En revanche, quand Odoxa passe du principe à l’application, on constate un progrès de la position laïque, puisque 49 % des français s’avèrent favorables « à ce que l’on réduise fortement ou même que l’on supprime cette dotation de l’Etat à l’école privée ». L’opinion est parfaitement scindée en deux, ce qui laisse de l'espace pour un argumentaire centré sur les privilèges de l'enseignement privé et le coût pour le contribuable.

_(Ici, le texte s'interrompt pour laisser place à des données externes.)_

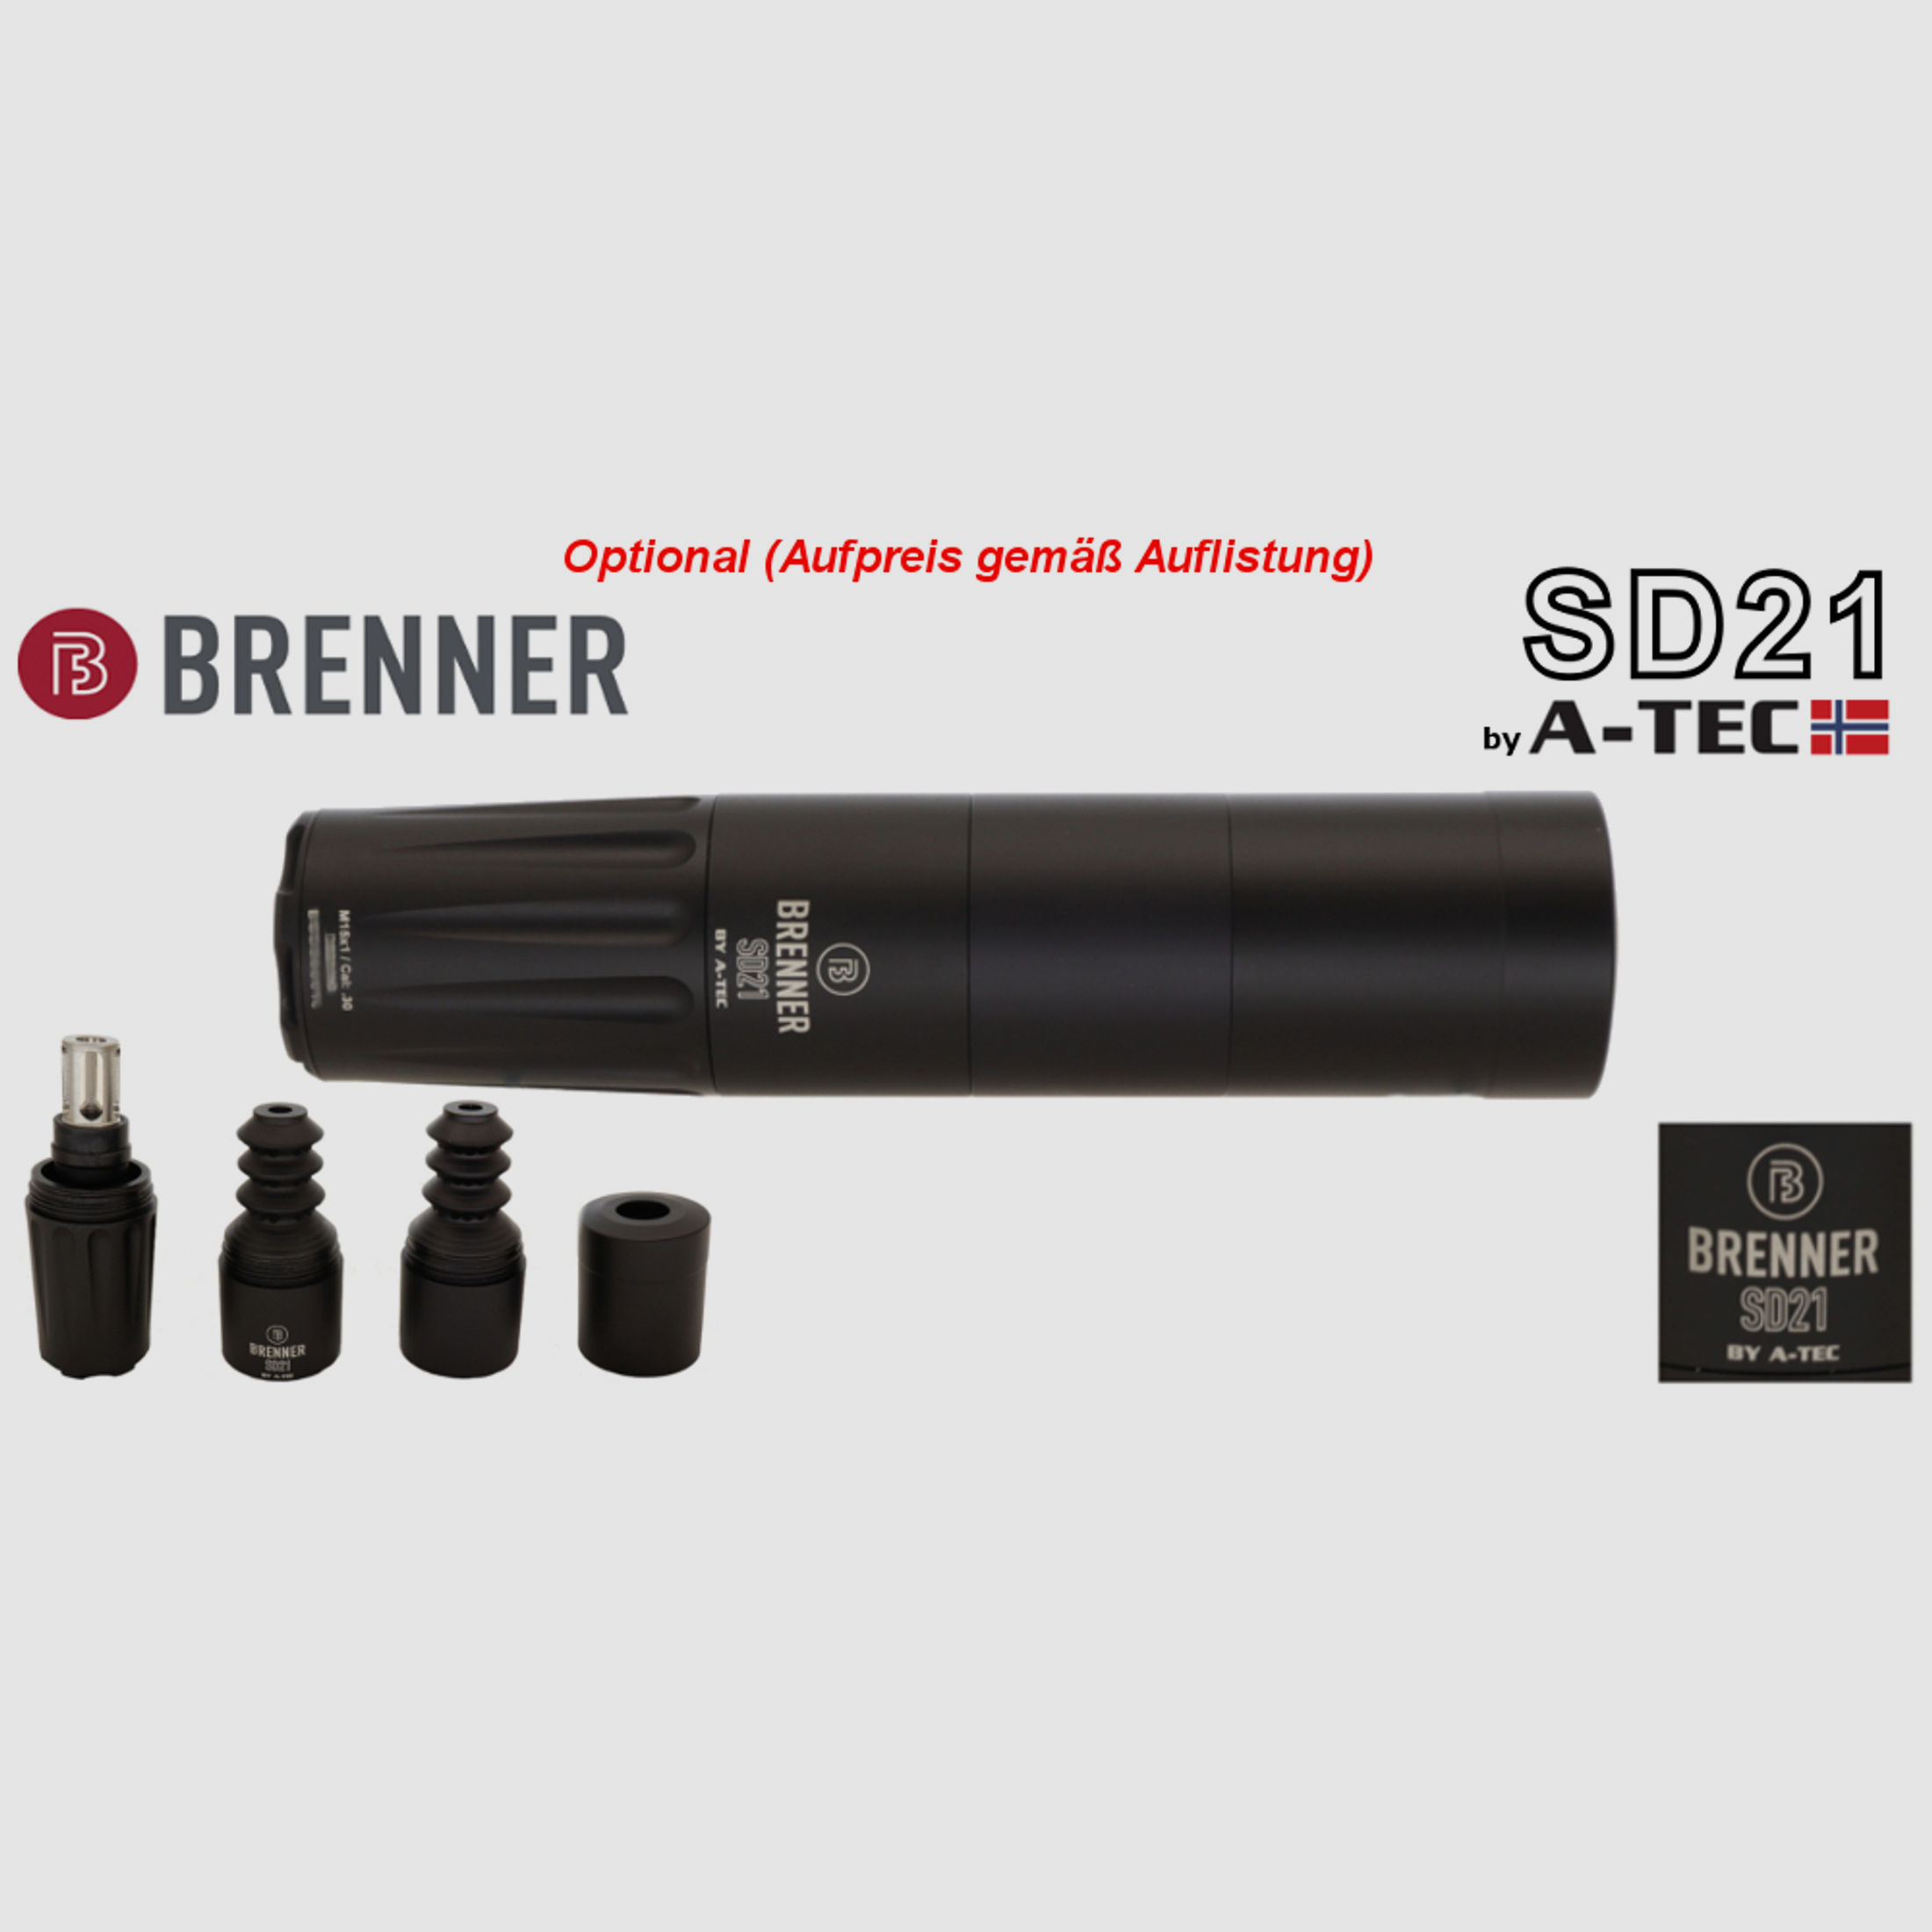 Bergara B14 B&H Prohunter LINKS Lochschaft Zeiss 2.5-15x56 fertig montiert / Optional: Brenner Schalldämpfer

Il ressort des tris croisés de cette étude que les partisans de l’école publique sont plus nombreux dans les CSP+ (56 % contre 42 %) et en région parisienne (+ 6 points par rapport à la moyenne). Tous les sondages qui publient des tris croisés indiquent que les CSP + sont plus sceptiques sur les qualités de l'enseignement privé que les CSP-, sans doute du fait d'une meilleure connaissance du système, et aussi parce que ces milieux disposent d'autres moyens de sélectionner l'école de leurs enfants, même quand elle est publique (choix des langues, classes à thèmes, habitat : des recherches ont montré l'incidence de la carte scolaire sur le prix de l'immobilier...)...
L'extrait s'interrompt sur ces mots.